Return all the data below as it stands, minus the pictures.

## DATA EXTRACT:
● ● ● ● ●
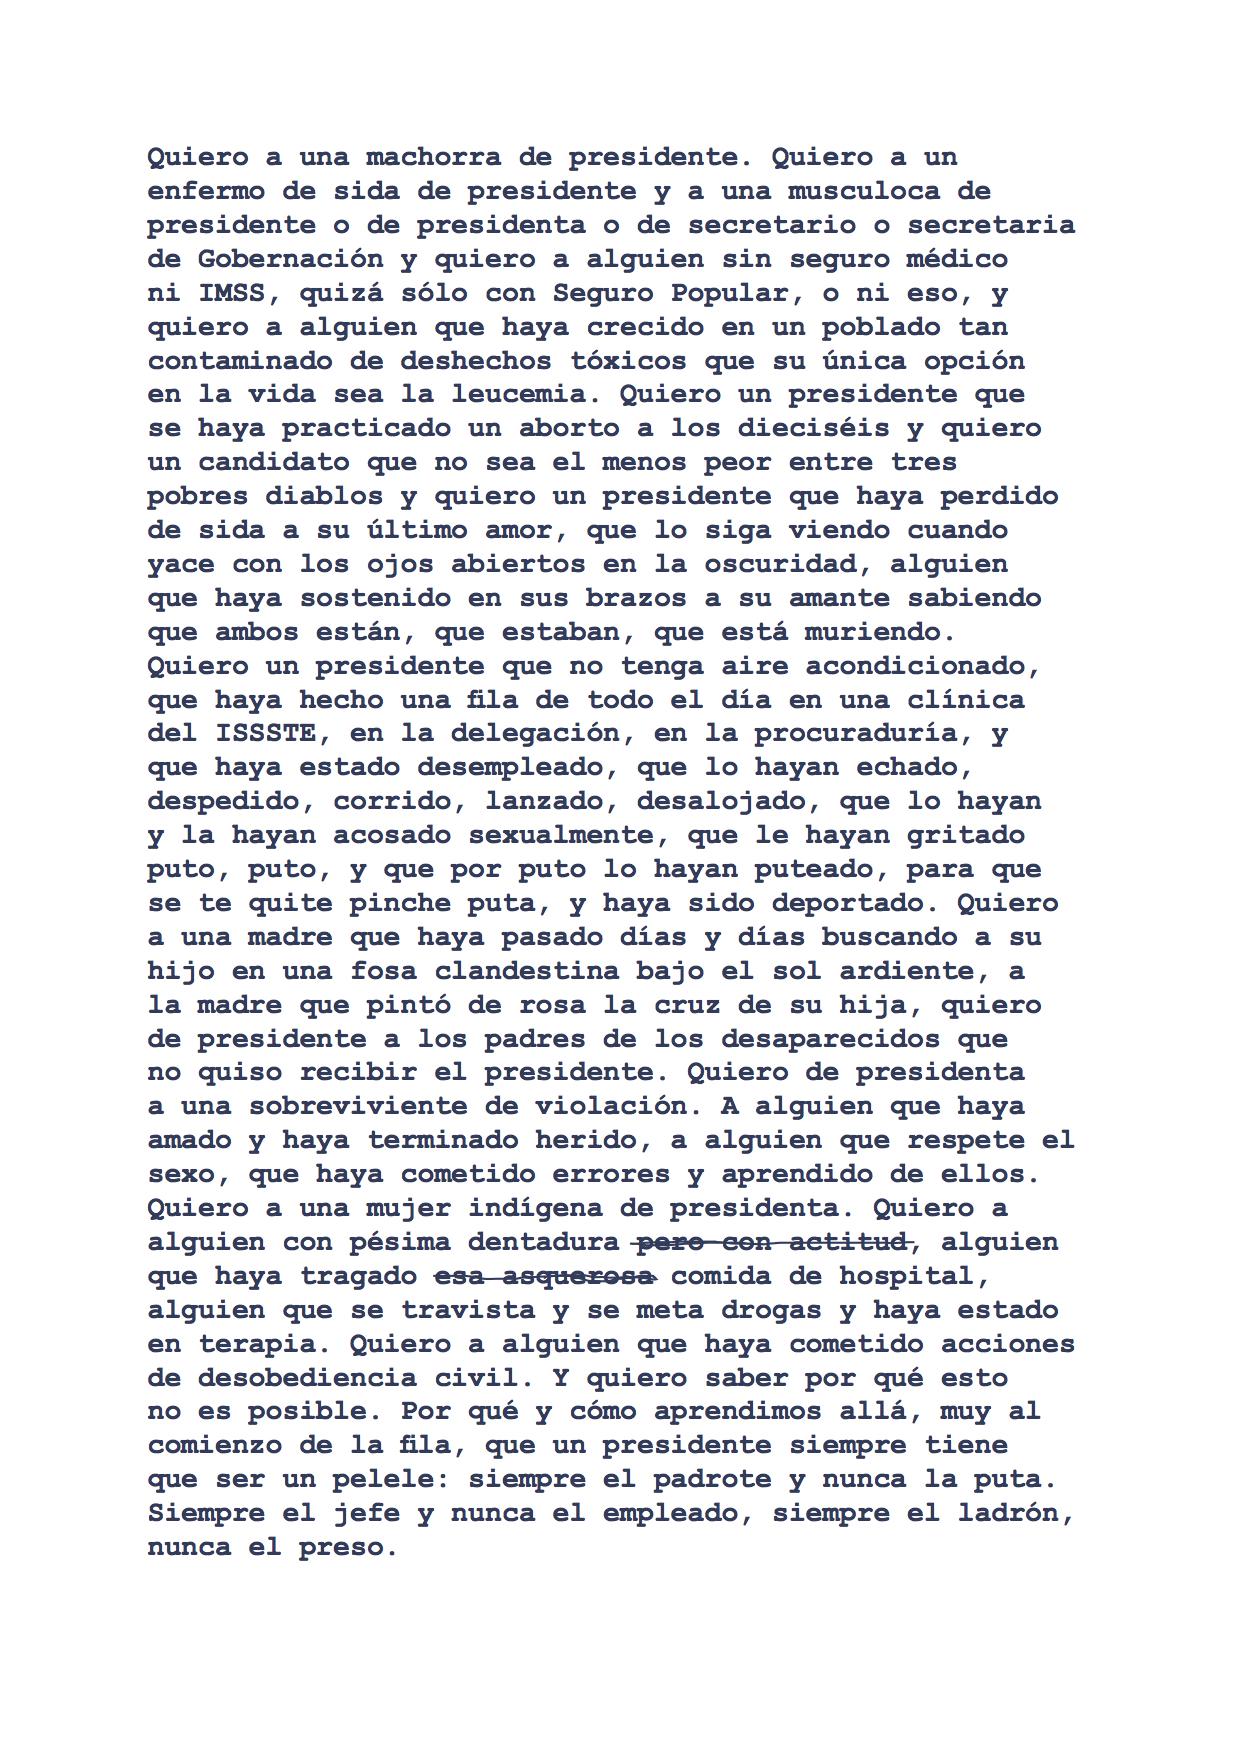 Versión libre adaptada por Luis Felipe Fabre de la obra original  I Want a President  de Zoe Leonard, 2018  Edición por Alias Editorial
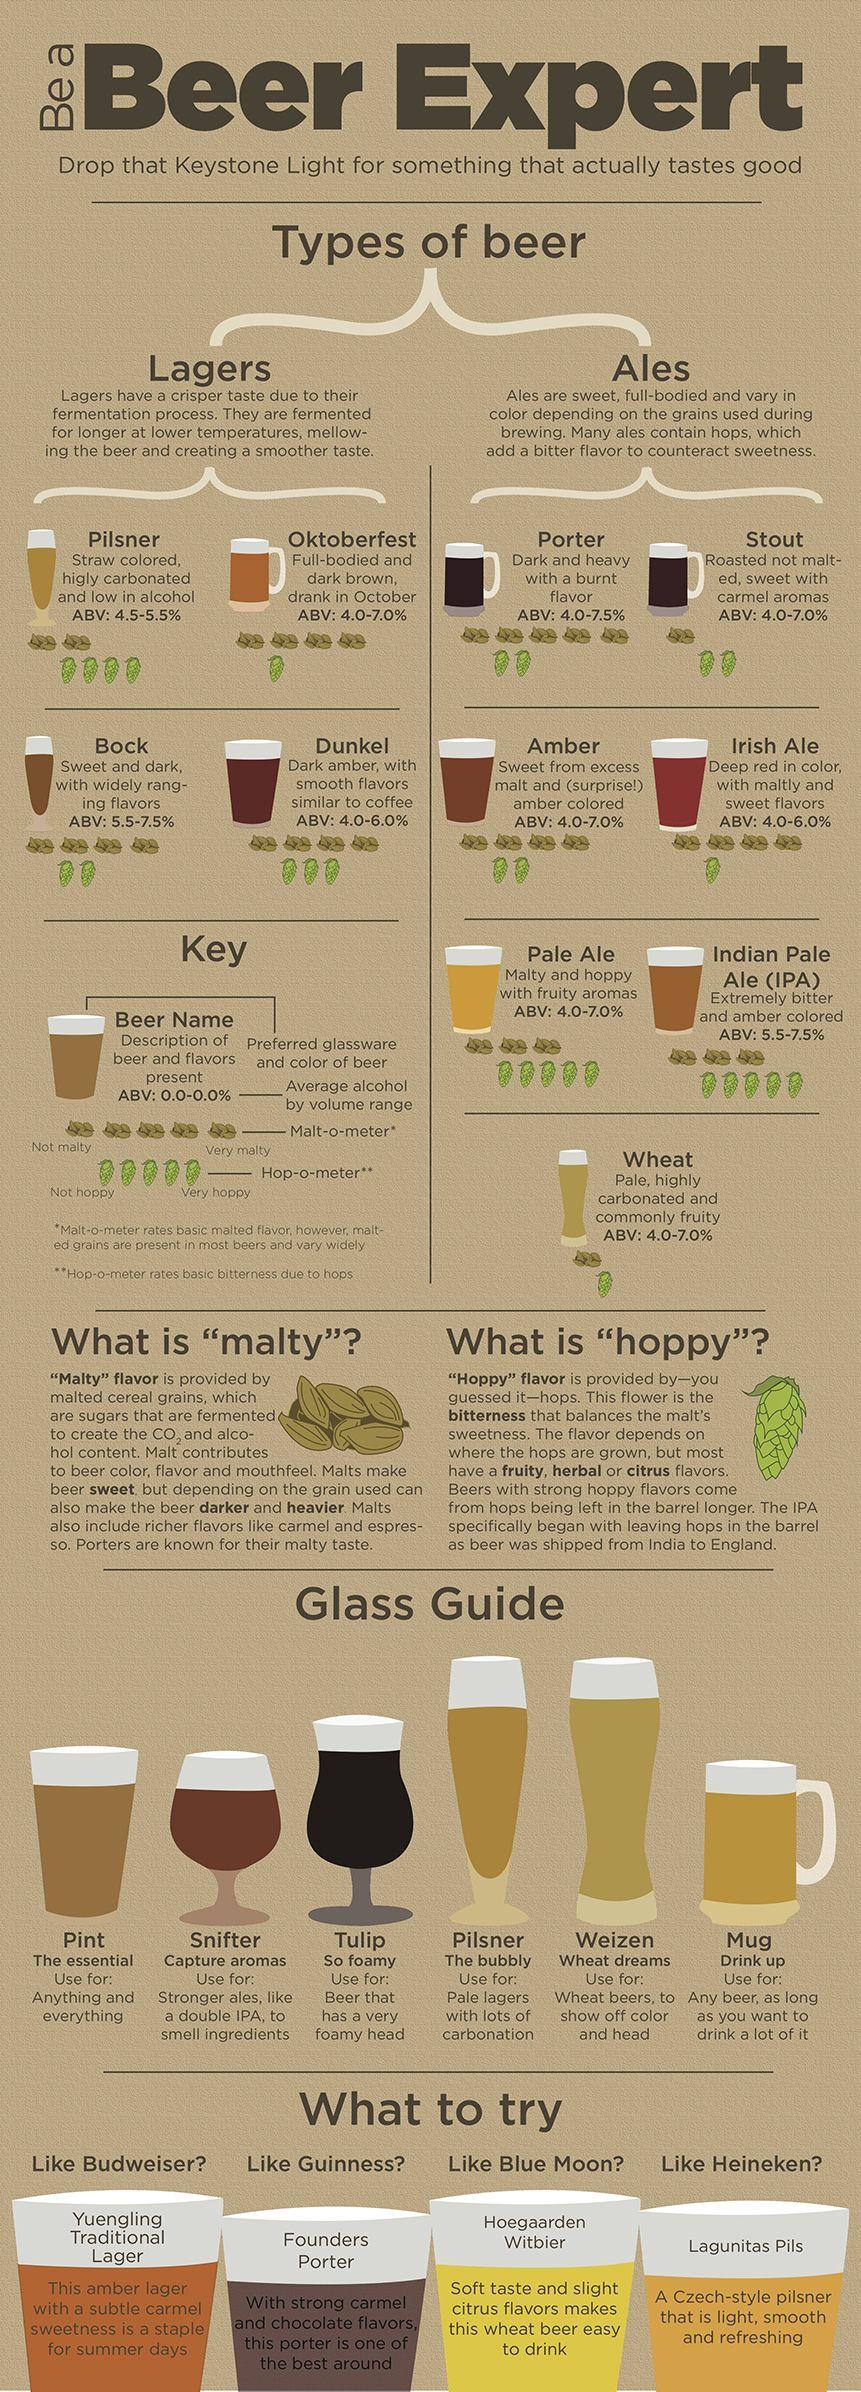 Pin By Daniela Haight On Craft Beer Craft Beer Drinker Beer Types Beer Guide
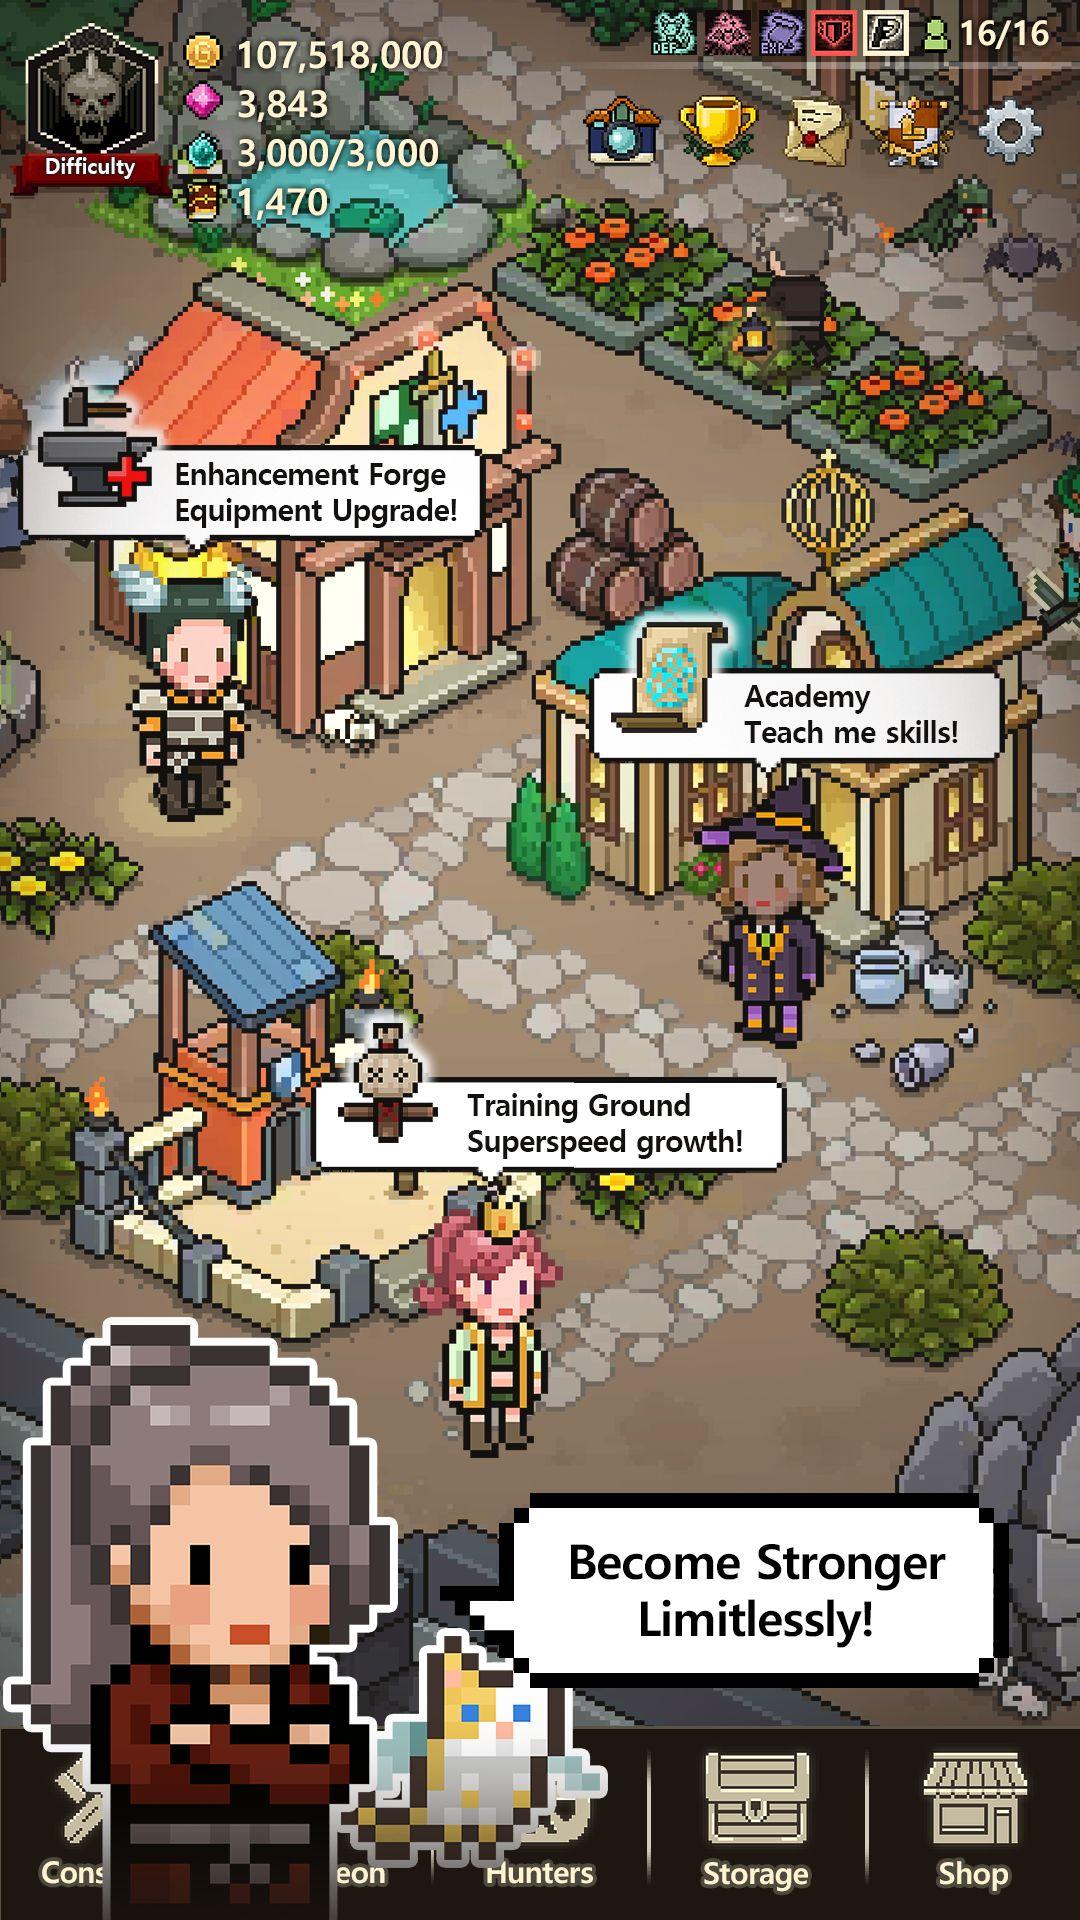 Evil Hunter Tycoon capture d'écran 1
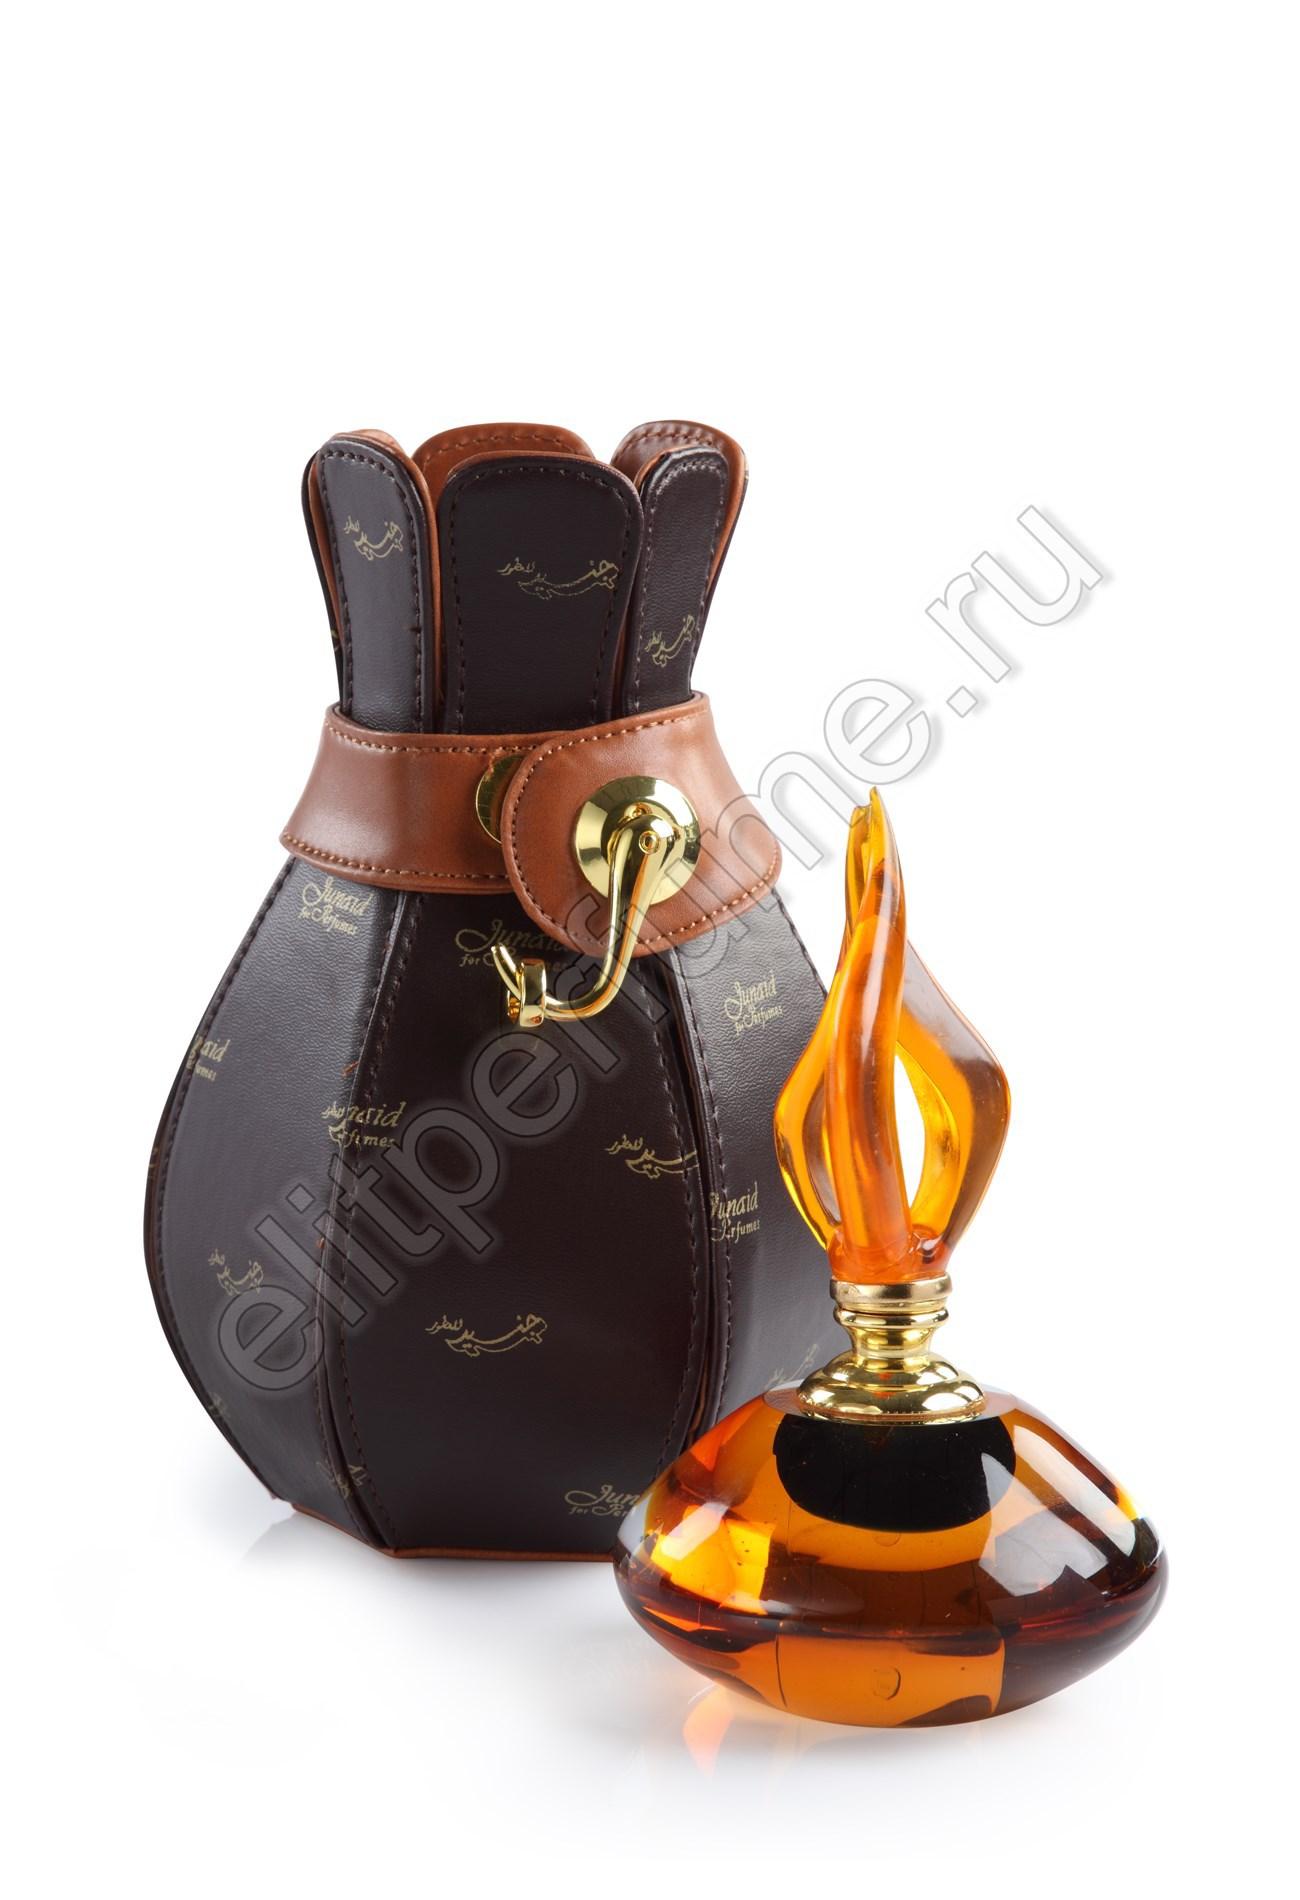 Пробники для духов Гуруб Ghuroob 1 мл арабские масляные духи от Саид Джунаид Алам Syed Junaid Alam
● ● ● ● ●
## ANSWER BELOW:
 Versión libre adaptada por Luis Felipe Fabre de la obra original  I Want a President  de Zoe Leonard, 2018  Edición por Alias Editorial
 Pin By Daniela Haight On Craft Beer Craft Beer Drinker Beer Types Beer Guide
 Evil Hunter Tycoon capture d'écran 1
 Пробники для духов Гуруб Ghuroob 1 мл арабские масляные духи от Саид Джунаид Алам Syed Junaid Alam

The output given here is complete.